122. The United Kingdom is committed to implementing Article 66.2 of the TRIPS Agreement. Having submitted our full Annual Report to the Council, this delegation would like to provide this Council with an insight into one of the many projects undertaken by the United Kingdom.
123. The Zoonoses and Emerging Livestock Systems Project (ZELS) is a joint multistakeholder research initiative between the UK Biotechnology and Biological Sciences Research Council; Defence Science and Technology Laboratory; Foreign, Commonwealth, and Development Office; Economic and Social Sciences Research Council; Medical Research Council, and Natural Environment Research Council. The project focuses on two elements: 1) reducing the impact of zoonoses, that is, a disease that has jumped from an animal to a human, on people from low socio-economic groups and their livestock by generating new knowledge and evidence that enables the mitigation of risks from zoonotic disease; and 2) forging mutually beneficial inter- and multi-disciplinary partnerships between researchers in the UK and developing countries and enhance the scientific capabilities of southern partners for the longer term.

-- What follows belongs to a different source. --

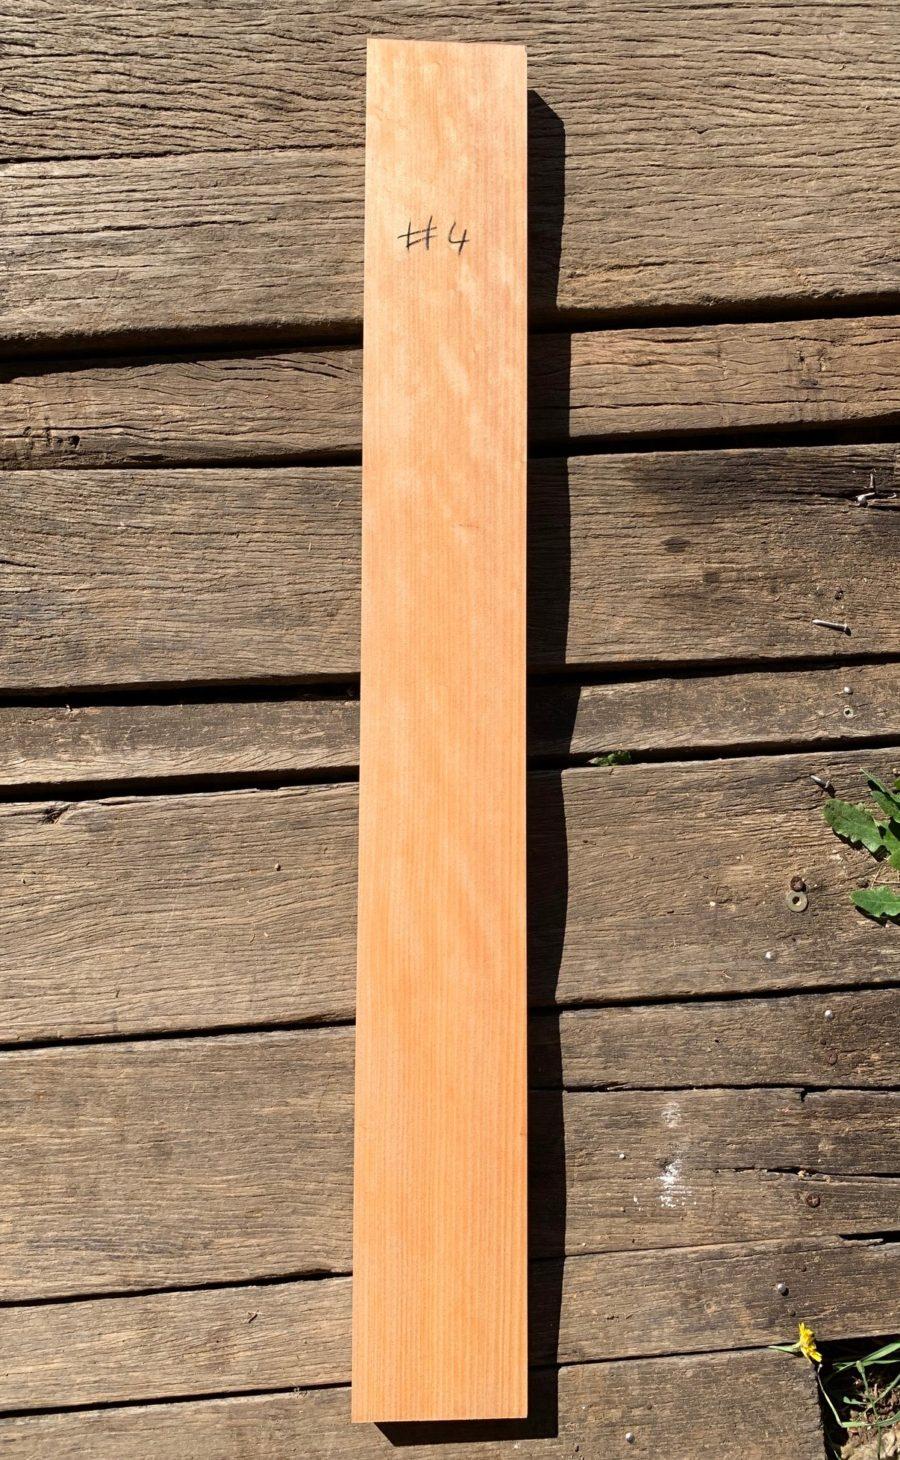 Quarter sawn tonewood

124. Behavioural adaptations in live poultry trading and farming systems and zoonoses control in Bangladesh (BALZAC) is one of 11 programmes funded under ZELS. The trade in live birds provides smallholders with an important source of income and can provide a route out of poverty. However, it can also play a major role in the transmission of zoonotic pathogens, such as avian influenza viruses. The scientific evidence to inform the selection of risk-based and cost-effective prevention and control options for major zoonotic diseases which contributes to decreasing the likelihood of occurrence, prevents their transmission to humans, and reduces their impact on human health. In the face of disease outbreaks in poultry, farmers and traders worry about economic loss.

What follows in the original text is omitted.